- _WORK TO BE COMPLETED_
Please reproduce exactly the lines that begin the listing below, up to and including the line where "与手字法文本书面黑板的巧克力蛋糕 Suga. 与手在黑板写的字法文本的巧克力蛋糕" occurs.
============================================================
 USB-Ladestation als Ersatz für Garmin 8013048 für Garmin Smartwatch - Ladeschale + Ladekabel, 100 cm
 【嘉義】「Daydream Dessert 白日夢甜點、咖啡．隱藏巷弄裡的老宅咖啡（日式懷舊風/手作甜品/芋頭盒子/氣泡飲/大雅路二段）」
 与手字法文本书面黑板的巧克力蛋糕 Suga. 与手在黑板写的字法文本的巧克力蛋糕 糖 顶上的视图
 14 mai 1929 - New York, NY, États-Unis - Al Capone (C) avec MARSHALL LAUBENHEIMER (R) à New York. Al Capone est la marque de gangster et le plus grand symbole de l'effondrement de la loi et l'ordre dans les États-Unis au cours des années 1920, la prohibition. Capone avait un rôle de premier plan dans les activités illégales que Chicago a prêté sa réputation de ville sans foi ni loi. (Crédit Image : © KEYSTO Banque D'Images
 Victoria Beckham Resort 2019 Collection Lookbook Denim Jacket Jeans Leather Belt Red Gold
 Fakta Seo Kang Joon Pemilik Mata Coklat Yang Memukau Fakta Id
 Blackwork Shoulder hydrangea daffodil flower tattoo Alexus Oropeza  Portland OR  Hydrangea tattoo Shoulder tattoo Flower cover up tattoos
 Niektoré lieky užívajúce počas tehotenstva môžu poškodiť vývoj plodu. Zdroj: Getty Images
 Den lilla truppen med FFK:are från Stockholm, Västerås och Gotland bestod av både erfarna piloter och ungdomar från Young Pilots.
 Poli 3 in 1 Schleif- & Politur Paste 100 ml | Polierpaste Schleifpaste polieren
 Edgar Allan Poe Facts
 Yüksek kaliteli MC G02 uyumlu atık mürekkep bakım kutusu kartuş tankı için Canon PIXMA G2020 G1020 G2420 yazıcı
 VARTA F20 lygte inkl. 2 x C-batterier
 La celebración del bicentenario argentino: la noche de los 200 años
============================================================
- _RESPONSE TO THE EXERCISE_
 USB-Ladestation als Ersatz für Garmin 8013048 für Garmin Smartwatch - Ladeschale + Ladekabel, 100 cm
 【嘉義】「Daydream Dessert 白日夢甜點、咖啡．隱藏巷弄裡的老宅咖啡（日式懷舊風/手作甜品/芋頭盒子/氣泡飲/大雅路二段）」
 与手字法文本书面黑板的巧克力蛋糕 Suga. 与手在黑板写的字法文本的巧克力蛋糕 糖 顶上的视图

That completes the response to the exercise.